Update: Based on the extra information you could (I'm sure there is an easier way but its not comming to me at the moment) have your servers write out their PID to a file upon startup, then you could kill -9 | cat /var/run/devserver.pid but then that would be a programming question :)

Update again: You could also do some shell trickery to get the PID of the servers when you launch them, off the top of my head you could create a shell function called startmyserver for example that would wrap the command you use to start your servers but also capture $! to a file based upon startup name -- then we are talking about shell scripting which is 'inbounds' @ ServerFault. :-)

Solution 2:

You could rename the binary you're going to run. You might get away just using a symlink to the binary.
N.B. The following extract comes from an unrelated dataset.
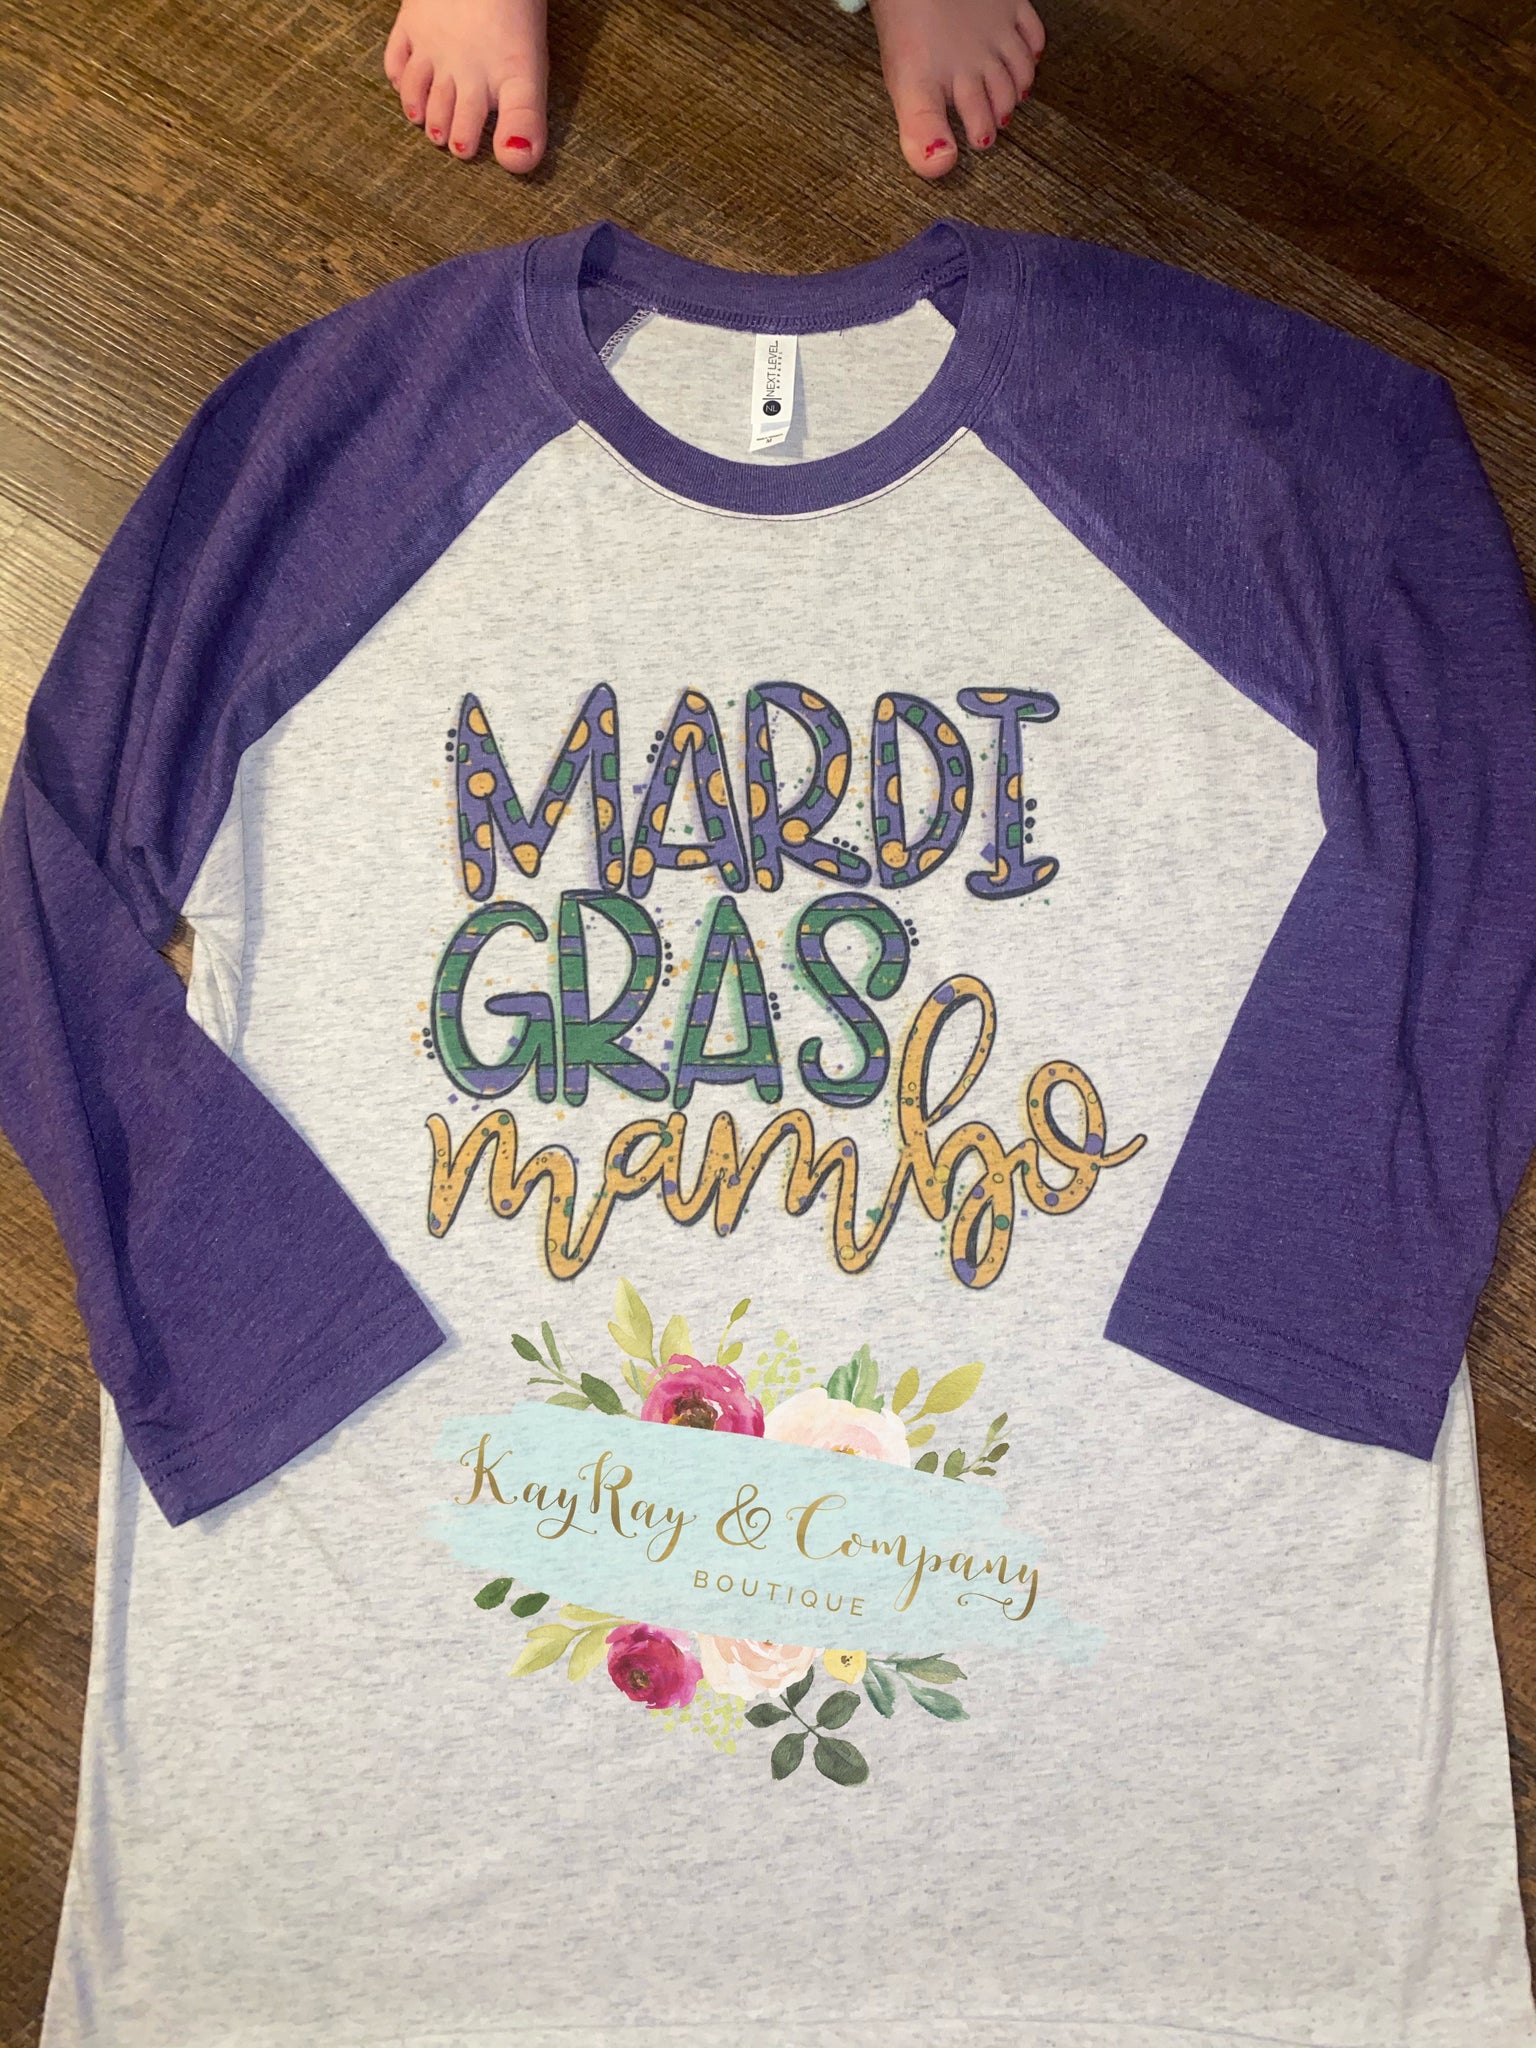 Mardi Gras Mambo Raglan T-shirt

If you really want to change the name, the best way is to use a simple wrapper that sets argv and then execs the process you want to run. Don't have time to give you some example code now, but shout loudly in about 10 hours and I'll see what I can do.

Solution 3:

Look at https://github.com/electrum/procname. It allows you to set the process name of any process using an anvironment variable.

Usage:

Run Java with the LD_PRELOAD and PROCNAME environment variables set:

LD_PRELOAD=/path/to/libprocname.so PROCNAME=hello java -jar foo.jar

Solution 4:

This doesn't really belong on SO because it's generic, not a language specific question.

The short answer is not easily. That is, it can't be done from within the functionality of your shell or procfs/sysfs. You will need to use an external utility to achieve it.

There is a long description on how and why here. Beware it's pretty C-centric.

Update:

They're python which changes the game. Without now being too SO, it would probably be easier to modify them to make use of this module or a similar approach.